Meet Justin Nool, a first-year undeclared life sciences major and coxswain for men’s crew. Nool came to UCD interested in crew, but says that he assumed being over 5-foot-10 was a requirement. However, when he happened to overhear a coxswain talking about the position one day, his interest was reinstated.

Coming in at 5-foot-4, Nool found his place on the team – an essential one at that. The coxswain serves as the in-boat guide for the team, relaying all directions from the coach off the water. He is their leader and motivator. “It takes a lot of concentration, strength and confidence to do what I do,” Nool explains, “as I am responsible for steering, commanding and critiquing the rowers’ technique in the boat.”

His size, he says, actually serves as an advantage to the team, for the smaller the coxswain, the less weight is added to the boat.

While he may be the smallest person on the team, Nool doesn’t feel as out of place as the lone non-plaid-wearing fan at a Vampire Weekend concert. On the contrary, he’s gained immense confidence and has built strong friendships with his teammates. Sounds like a snap-worthy success to me.

Stories like Justin’s remind me that everything isn’t as straightforward as we may think. While height may throw some curveballs in our desired path, it doesn’t have to be a heart-stopper (like Tim Lincecum). I’m not saying that 4-foot Frodo would make the team as a rower, but his height could serve another purpose.

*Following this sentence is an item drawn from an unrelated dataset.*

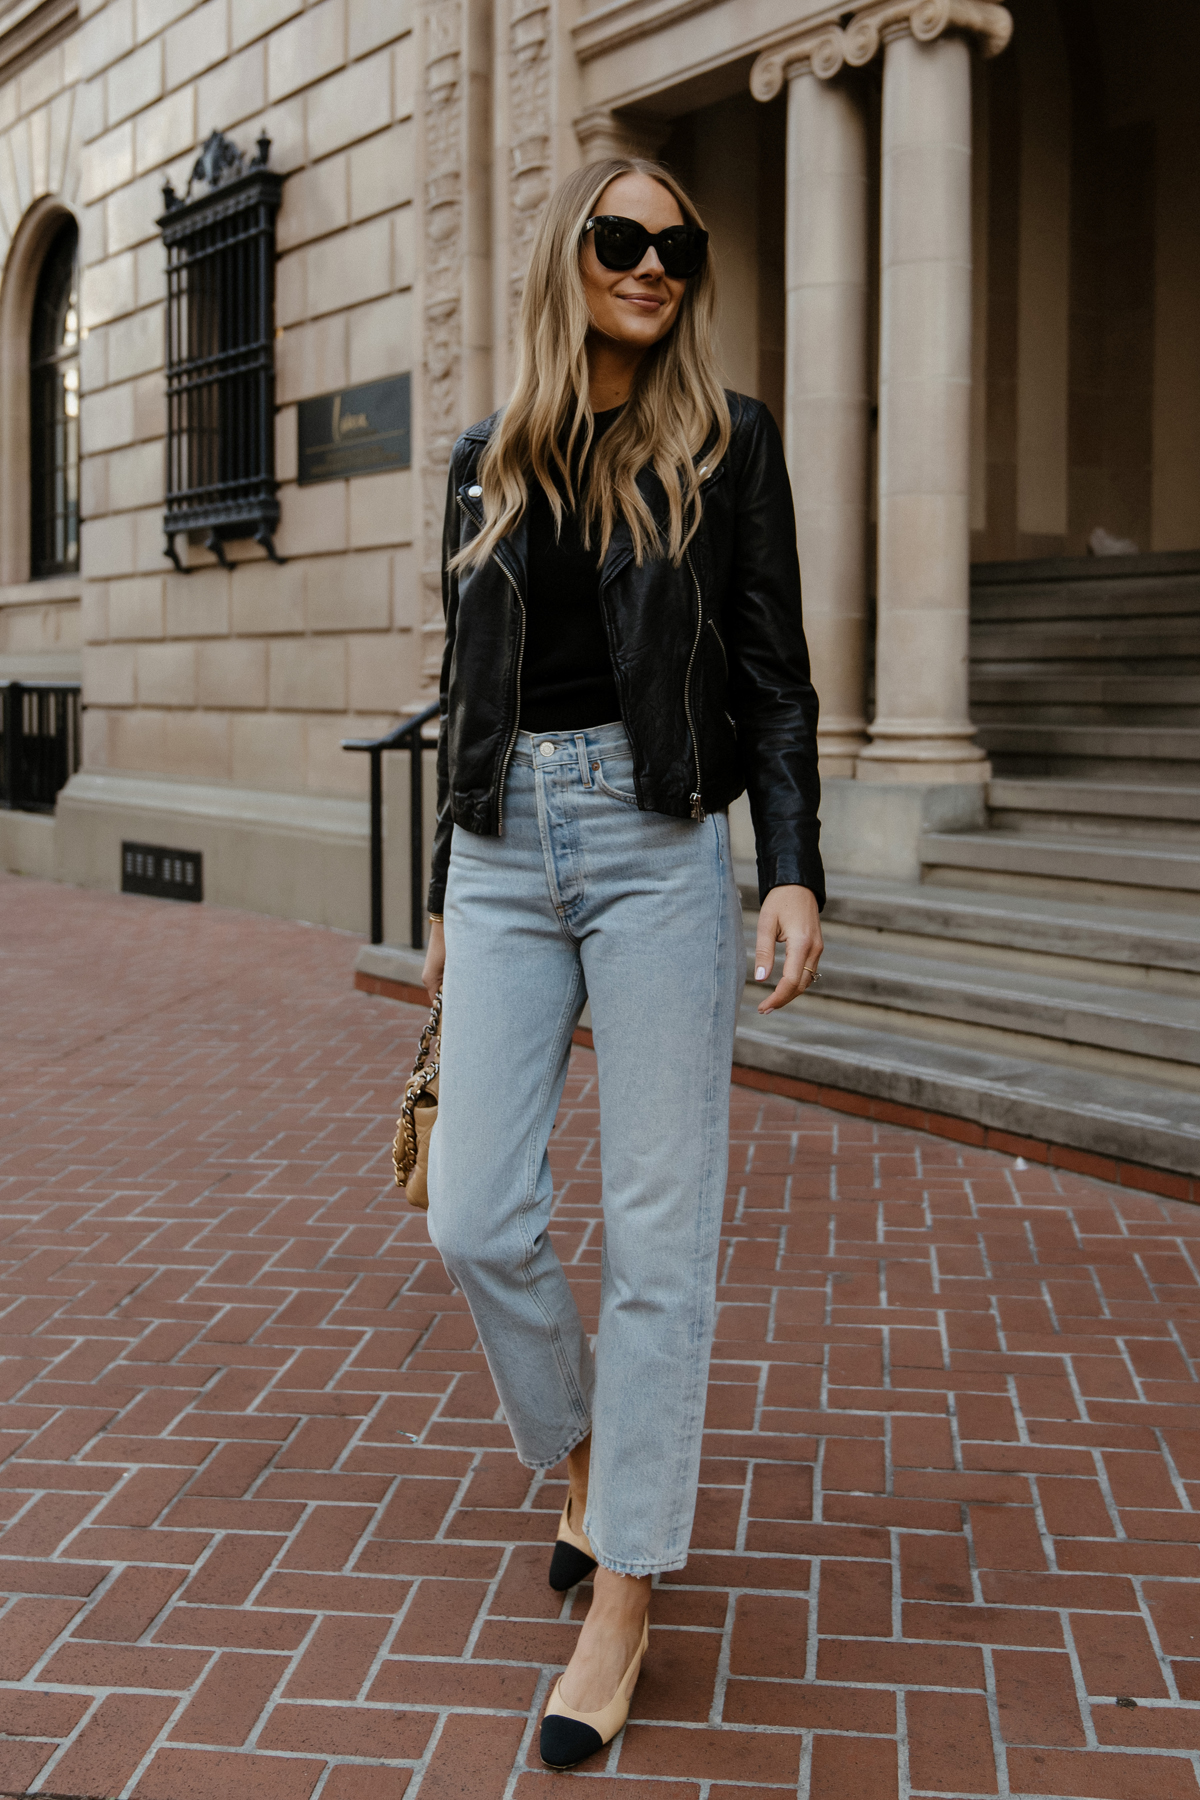 Fashion Jackson Wearing Madewell Black Leather Jacket AGOLDE 90s Jeans Outfit Womens Black Leather Jacket Outfit Chanel Slingbacks Street Style 1

What has really sunk in with me is that crew seems to unite the supposed “outliers” on the height bell curve, a take on inclusivity that is rather refreshing. A quick look at the current roster for the UCD Men’s Crew Varsity and Novice teams makes it clear that the team members fall on the two extreme ends of the height spectrum, with the tallest member being 6-foot-6, and the shortest being 5-foot-1.

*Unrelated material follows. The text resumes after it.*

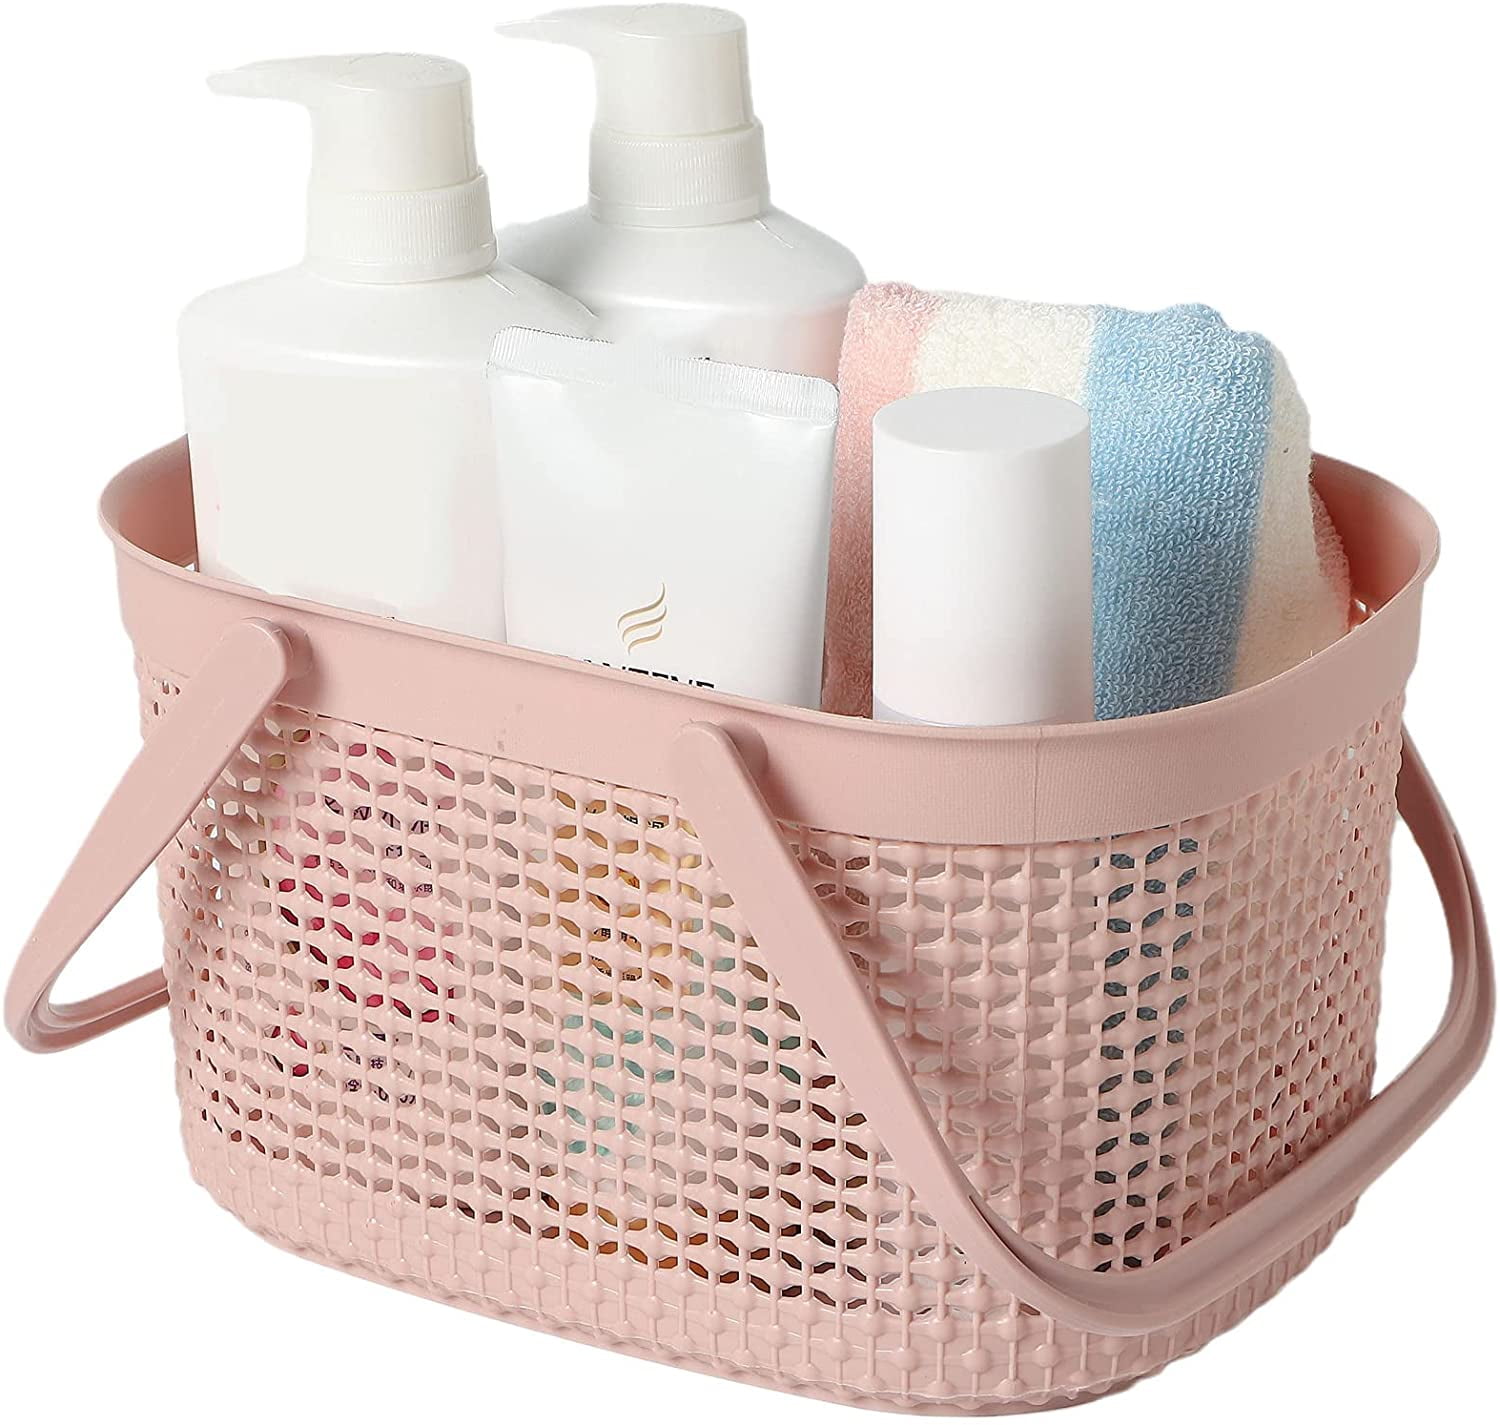 iplusmile Plastic Hanging Shower Caddy Basket, Shower Caddy Portable for  College Dorm Room, Laundry Organizer Container Trolley for Bathroom,  Kitchen

So here I am, looking at the [wo]man in the mirror. I was stubborn that day. Why was I so quick to judge the girl who approached Jeff and me about crew? I’m pretty sure it was jealousy, the I-pretend-like-this-doesn’t-exist green-eyed monster. And where did that leave me? Ignorant for a year and a half about something I’ve come to appreciate. Ignorance is most definitely not bliss. Being in the dark only perpetuated my own reservations about my size.

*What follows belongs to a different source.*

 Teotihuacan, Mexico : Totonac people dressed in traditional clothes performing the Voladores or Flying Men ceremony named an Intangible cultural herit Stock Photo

Ah-ha moment: we can be more prejudiced toward ourselves than the people around us. Those voices in our heads that preach: “If I start dancing, I’ll crush everyone in an 8-foot radius,” and ” I won’t get the job because I look like I’m in middle school,” ultimately cause us to limit our own potential.

To answer Sara Bareilles’ question, no one made us king of anything. No one ordered us to sit on a throne and let opportunities pass by, so I see no reason to. The pressure is off. And if we choose to stop creating it, we won’t have to deal with it ever again. Instead of being all “oh woe is me” that day, I could have learned something new about a sport I never thought had room for me. And who knows? Maybe I’d have the pleasure of staring at one of those neon shirts in my rainbow of a closet every morning.